◆ **DATA SECTION**:
_ _ _ _ _ _ _
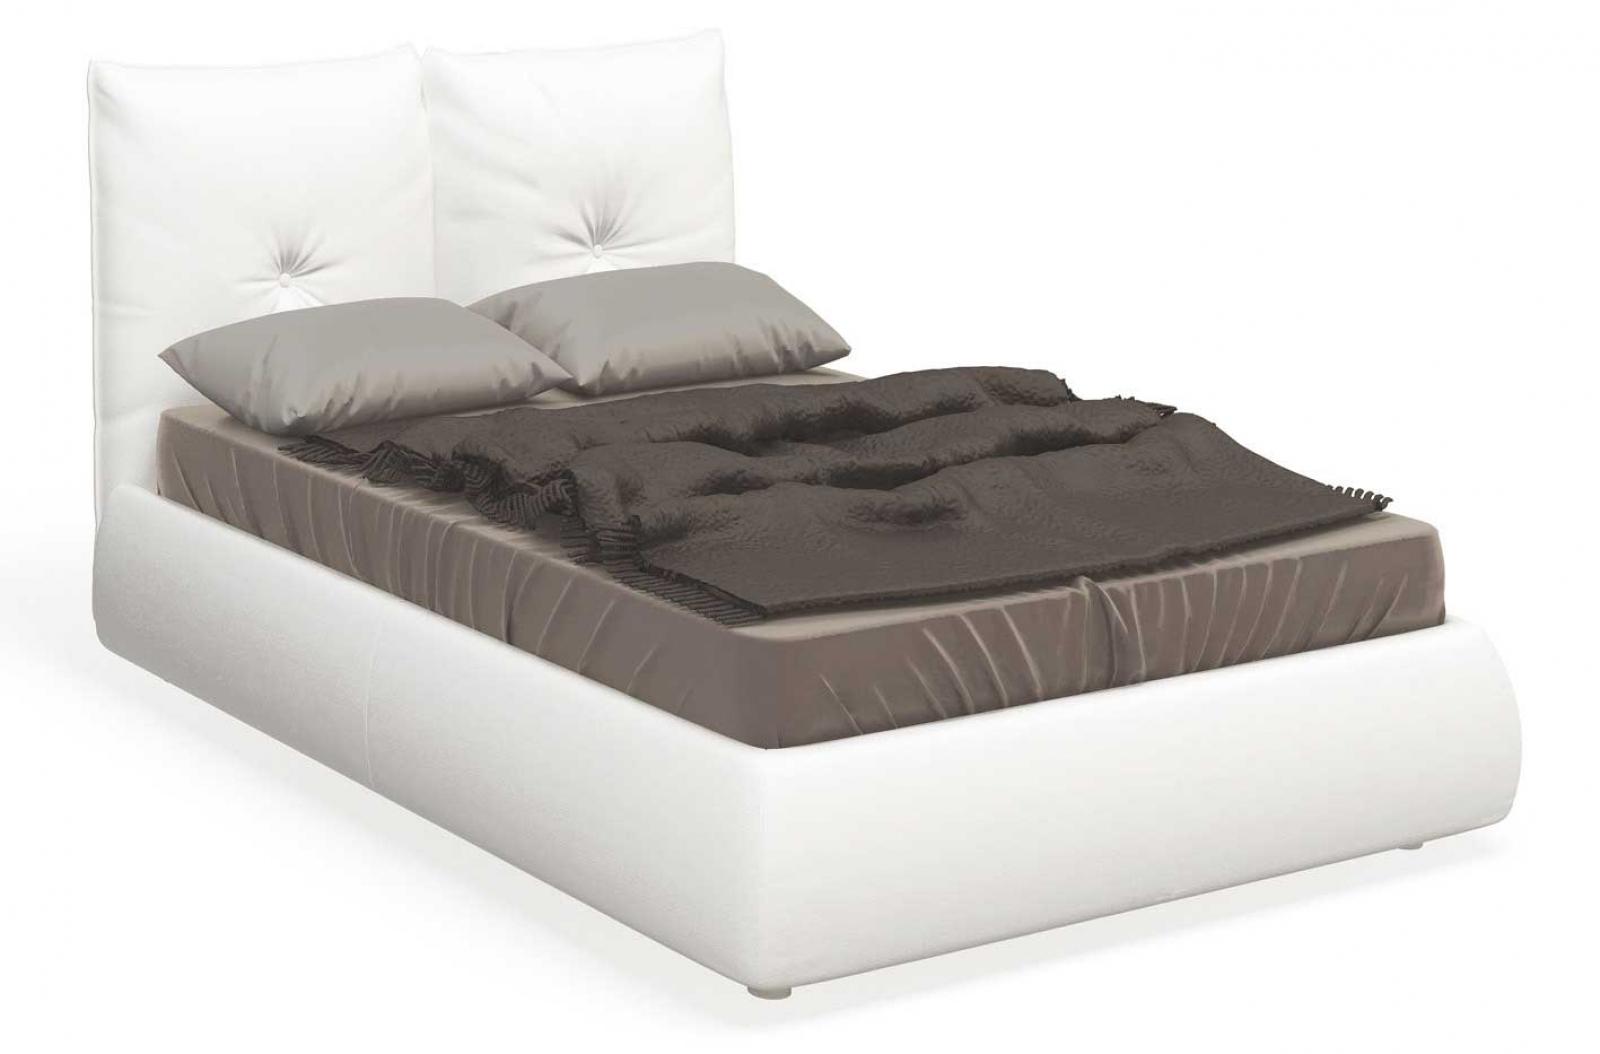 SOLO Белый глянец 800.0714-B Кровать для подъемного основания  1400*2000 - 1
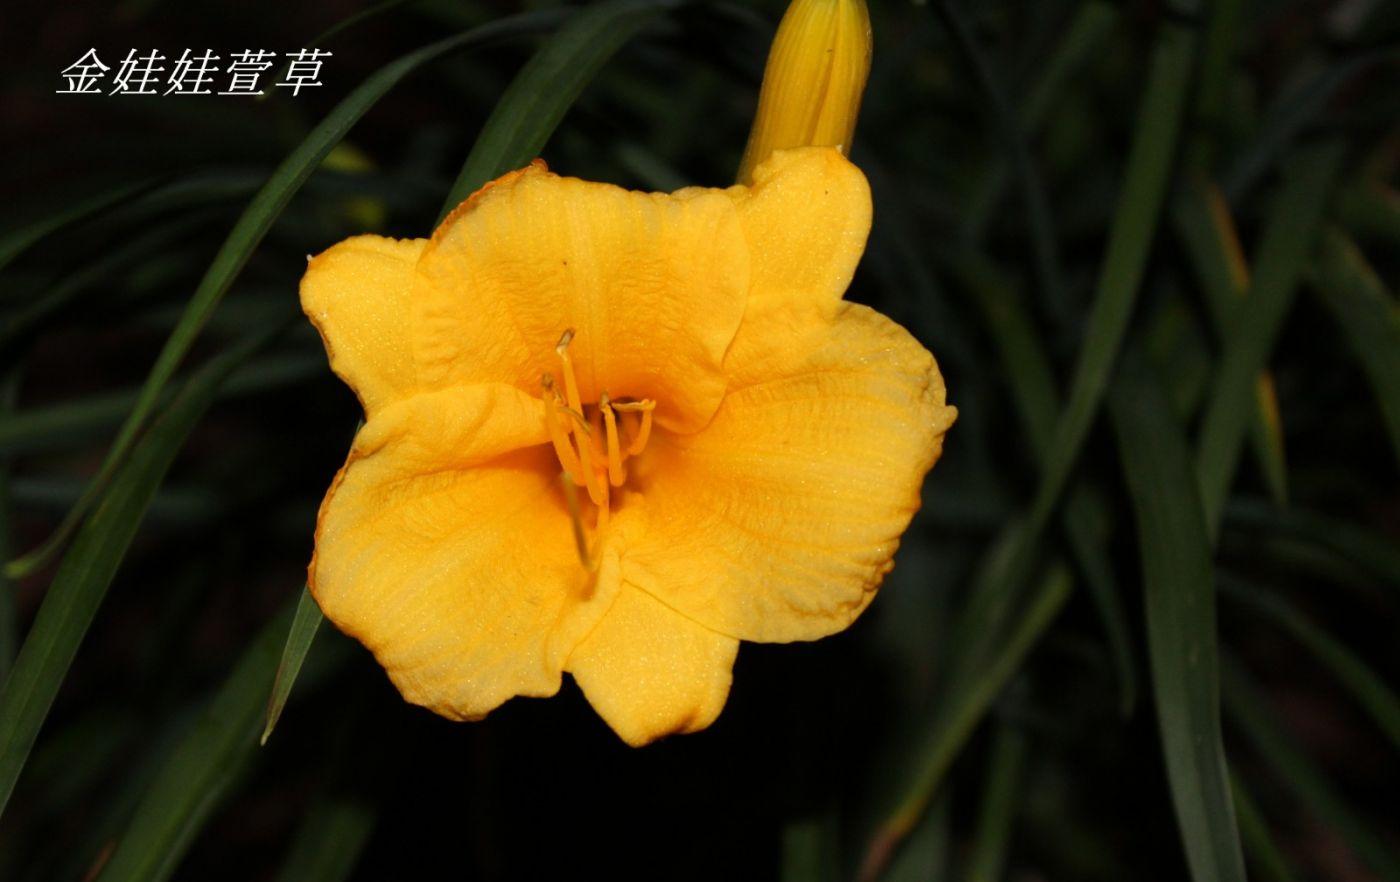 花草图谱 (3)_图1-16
_ _ _ _ _ _ _
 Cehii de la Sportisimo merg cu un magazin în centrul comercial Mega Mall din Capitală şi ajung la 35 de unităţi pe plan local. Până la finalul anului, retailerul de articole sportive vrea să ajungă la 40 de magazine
_ _ _ _ _ _ _
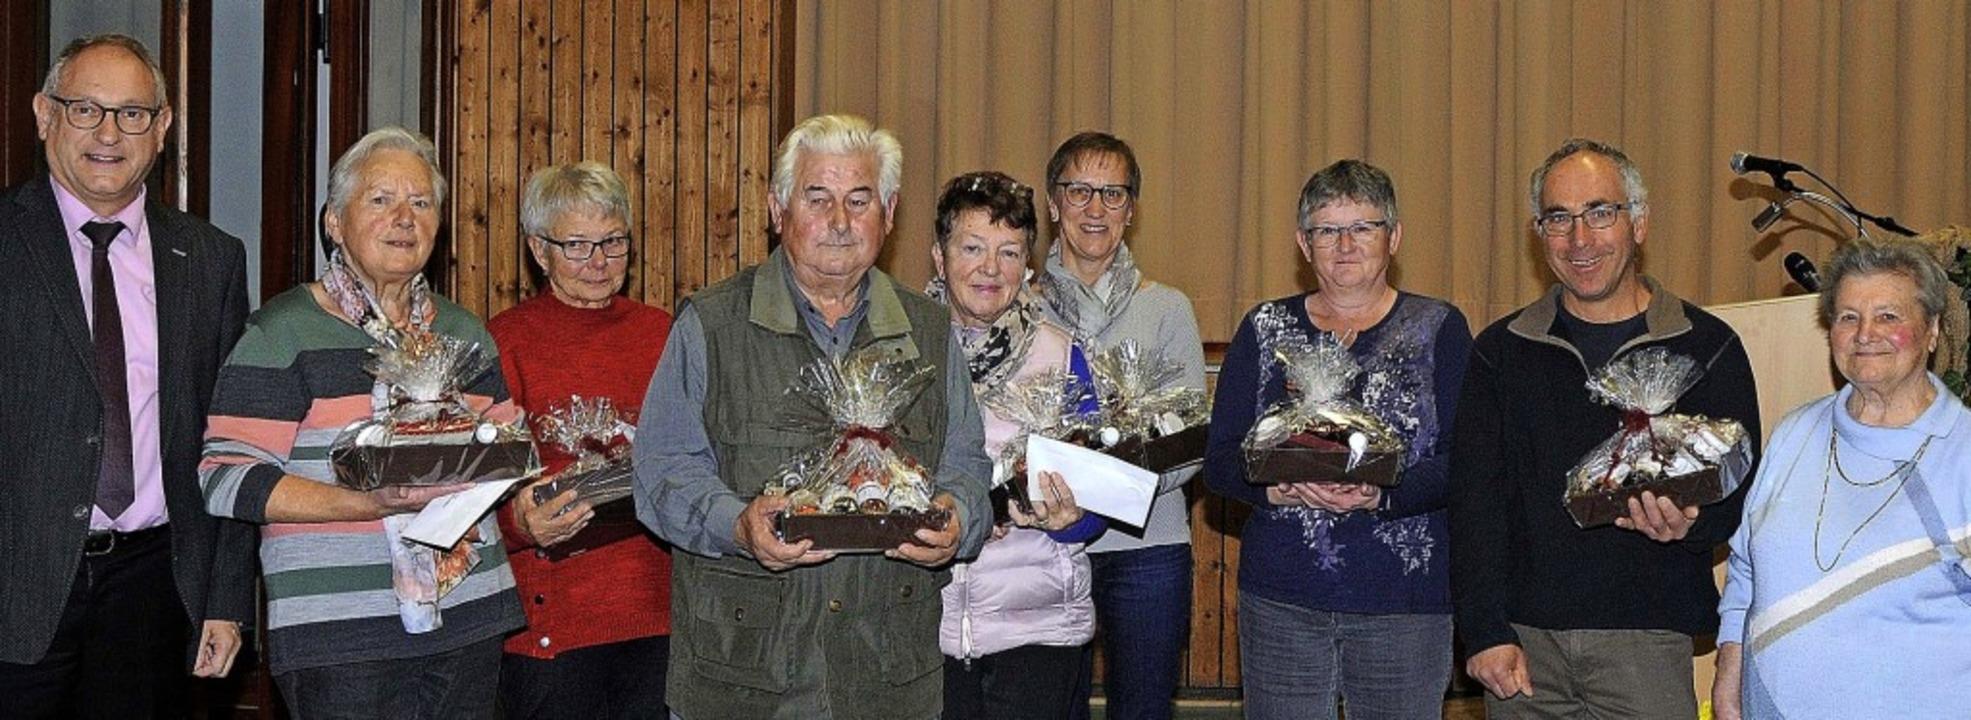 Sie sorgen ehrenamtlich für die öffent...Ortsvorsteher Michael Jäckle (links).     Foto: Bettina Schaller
_ _ _ _ _ _ _
◆ **AIM OF THE EXERCISE**: The line holding "SOLO Белый глянец" starts the copy and the line holding "花草图谱 (3)_图1-16" ends it. Repeat those two lines above and all between them exactly, leaving out pictures.

◆ **YOUR SOLUTION**:
 SOLO Белый глянец 800.0714-B Кровать для подъемного основания  1400*2000 - 1
 花草图谱 (3)_图1-16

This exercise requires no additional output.